Читать книгу "Все люди умеют плавать - Алексей Варламов"
Шрифт:
Интервал:
Закладка:
А рос я озорным, не боялся ни лешего, в школе мне скоро надоело за партой сидеть, и догляду за мной никакого не было. Мальцом еще был, а уж и на шальное был годен, и дрался, и матом ругался, и курил. Матери на меня жаловаться ходили, но толку-то? Меня никакой ремень не брал. Оторвой рос, безотцовщиной. Мужики же к моему хулиганству относились снисходительно, но скоро и им я надоел.
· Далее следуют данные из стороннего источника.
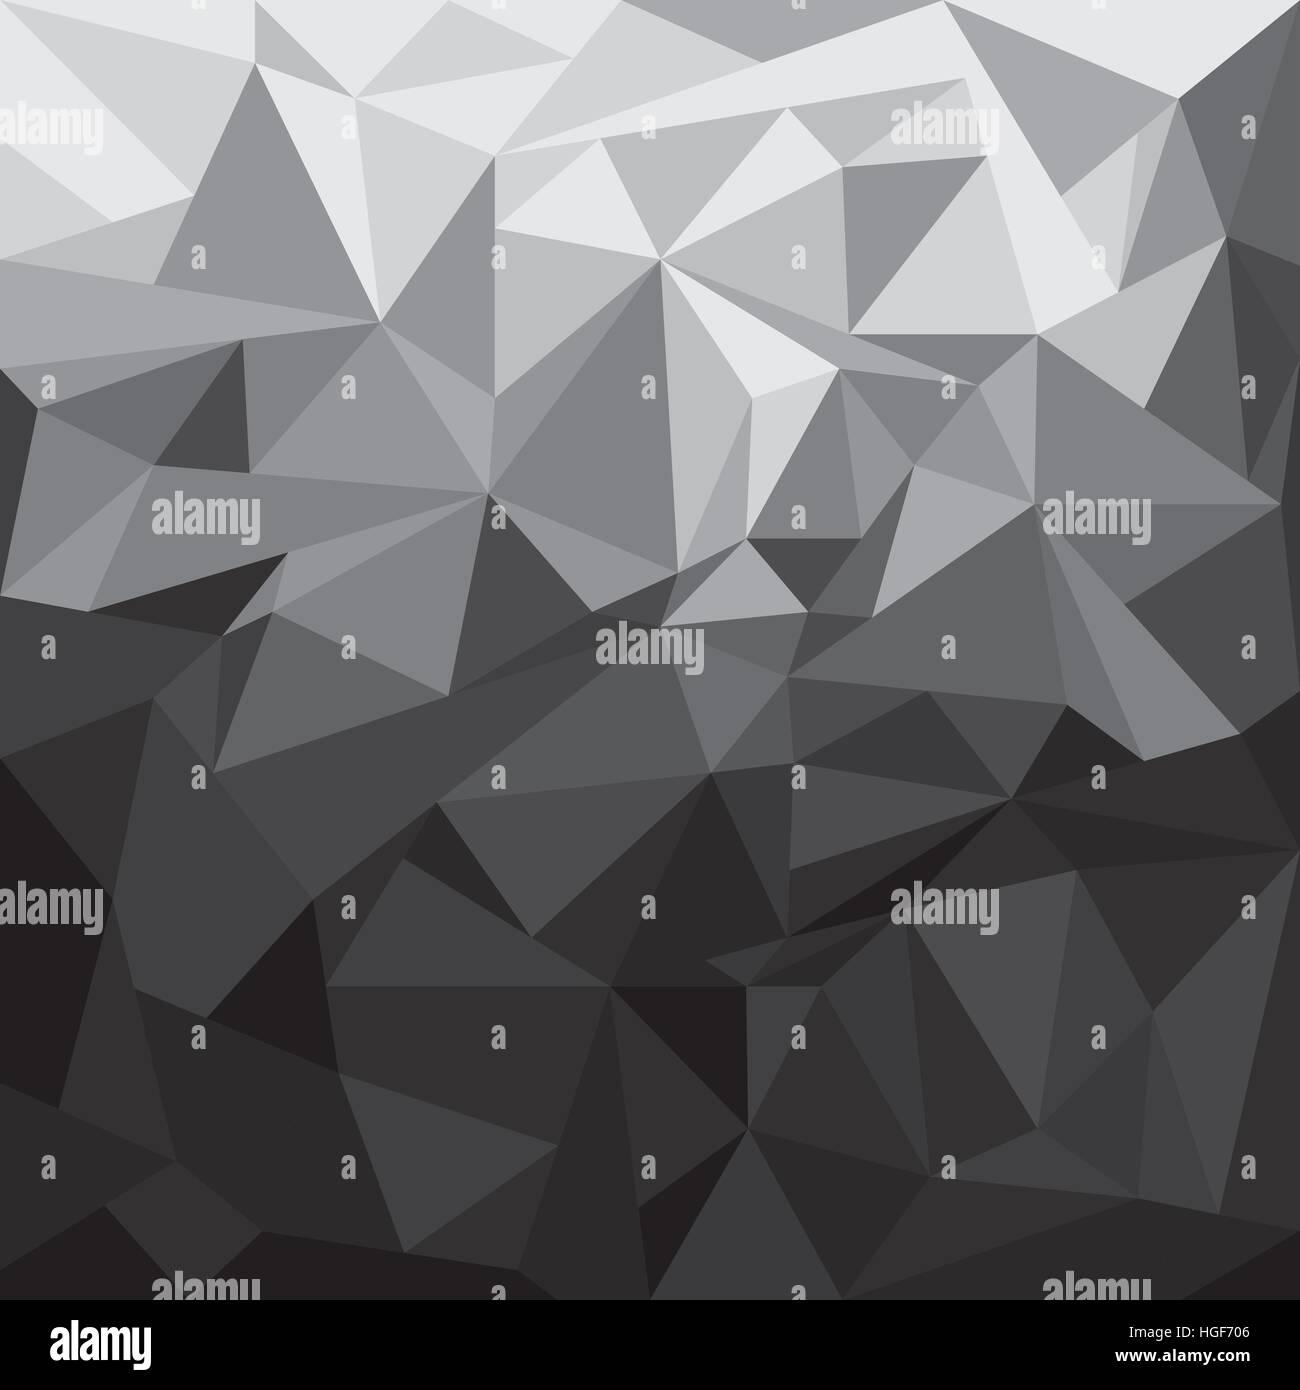 Moyenne Géométrique, Illustration, Noir, Gris, Papier Peint, Toile De Fond,  La Texture, Le Design, La Couleur, Triangle, Marine, Vector, Lumineux,  Bannière, ...

И вот раз на сенокосе стали мы распределяться, чтоб стога метать, отказались от меня все да и говорят:
– Иди вон, парень, к батьке сваму в пару становись.
Я вздрогнул, попятился, потом повернул голову, а там, весь красный, потный, криво улыбаясь и ни на кого не глядя, стоял Долька. Я тогда уже знал, конечно, что отец мой, который в сорок первом на войну ушел, не настоящий мне отец. Но поверить в то, что Долька, молодой, красивый Долька, еще за мужика-то не считавшийся, потому что он на гулянки ходил да к девкам приставал, поверить в то, что вот этот Долька мой батя, я не мог.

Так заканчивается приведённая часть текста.